Sorry.  This is where I got the idea that 'the bear was speaking to you'. It's kind of implied above.


----------



## elder999 (Aug 9, 2011)

fangjian said:


> Sorry.  This is where I got the idea that 'the bear was speaking to you'. It's kind of implied above.


Those were possible hypotheses for *you* to make.I *know!* what happened. :lfao:

That's not to say that the bear did not tell meo anything .......


----------



## fangjian (Aug 9, 2011)

One more thing you said that    '...it won't change my belief about the event one iota'  How come? I welcome any challenge to my beliefs. I don't cling to any of them, as that would imply dogma. And if you have dogmatic beliefs that are resistant to the outside,  how can one learn anything? Is that true elder999? You can't be persuaded?


----------



## elder999 (Aug 9, 2011)

fangjian said:


> One more thing you said that    '...it won't change my belief about the event one iota'  How come? I welcome any challenge to my beliefs. I don't cling to any of them, as that would imply dogma. And if you have dogmatic beliefs that are resistant to the outside,  how can one learn anything? Is that true elder999? You can't be persuaded?




Nothing at all dogmatic about it: I know what I experienced. I'm open to conversation,  I mean, we're having one, after all, but "persuasion?"Better that you try to persuade me that the Sea of Cortez isn't wet....:lfao:l


----------



## Empty Hands (Aug 9, 2011)

Jenna said:


> I appreciate your reply and you have outlined several pertinent social theories cogently.  Can you tell me please, in your example, which one(s) of those particular social theories would make it wrong for you personally to kill Breivik had he gunned down and murdered your children?
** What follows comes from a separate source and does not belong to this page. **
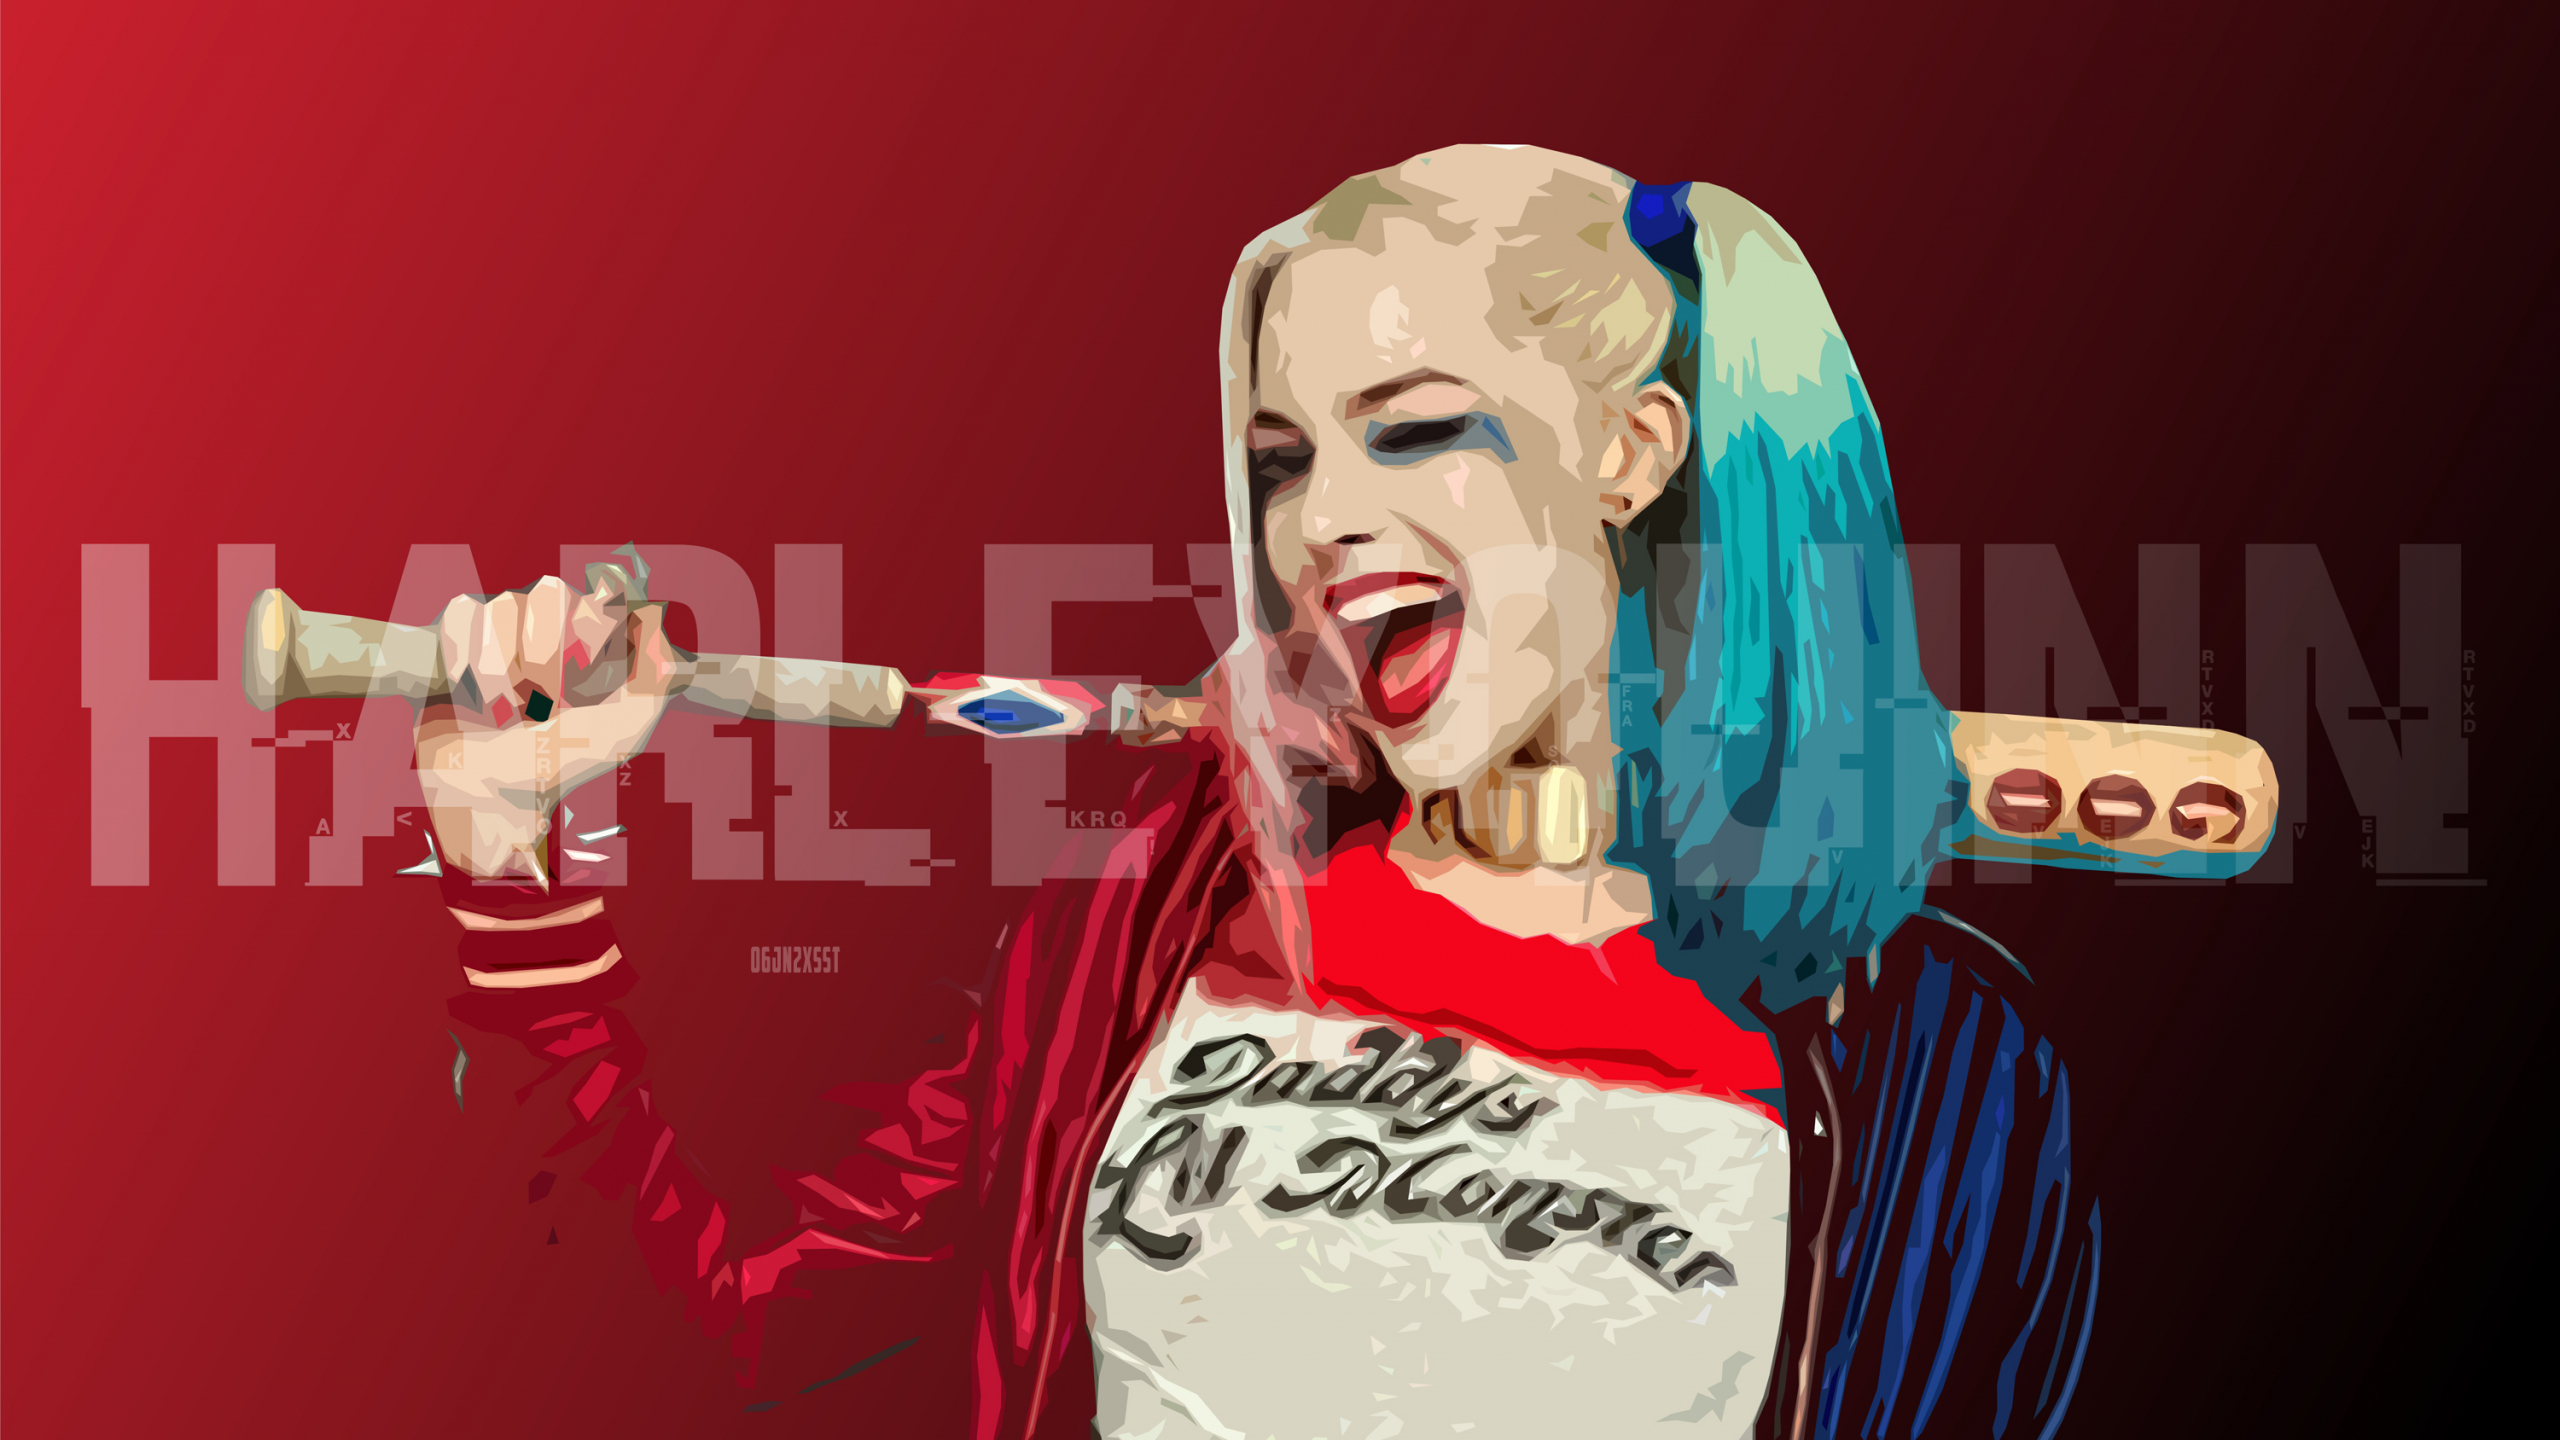 Desktop Wallpaper Harley Quinn Margot Robbie Art Hd Image Picture Background Xpnw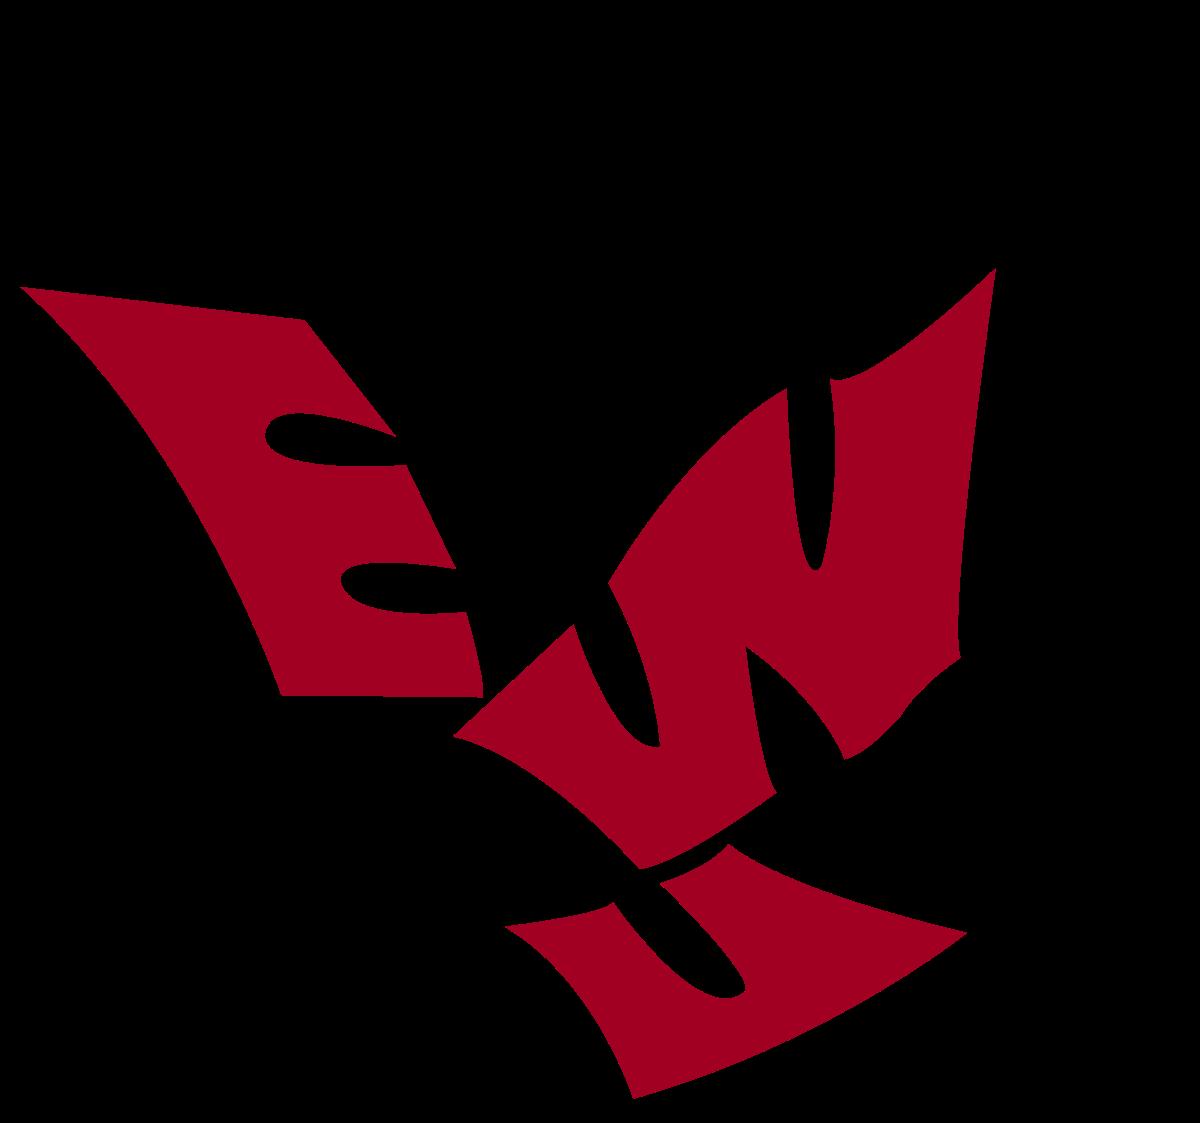 Eastern eagles wikipedia . Husky clipart washington university

All of them.  They aren't social theories either, but philosophical systems of ethics and morality.

As I alluded to, theistic systems of ethics and morality are actually uncommon in the field of philosophy.  You will find that more systems of morality lack god(s) than have them.



Jenna said:


> I am simply trying to open the discussion (as you seem open to doing) beyond the utter closed-minded indoctrination of many athiests, Jenna.



This is not the first referral to close minded, hypocritical, indoctrinated, dogmatic and "religious" atheists in this thread.  Why is it even relevant?  No one here has shown such attitudes.  It basically sounds like poisoning the well, giving a reason to ignore arguments from atheists that cause discomfort.


----------



## Empty Hands (Aug 9, 2011)

I am sorely disappointed in the lack of elaborate and imaginative _gedanken _experiments in this thread.  Maxwell invented a Demon people!  We have big shoes to fill.



elder999 said:


> So, what "evidence" there is is purely subjective, experiential, and of no use to anyone but me, and, perhaps, those who _choose_ to believe me.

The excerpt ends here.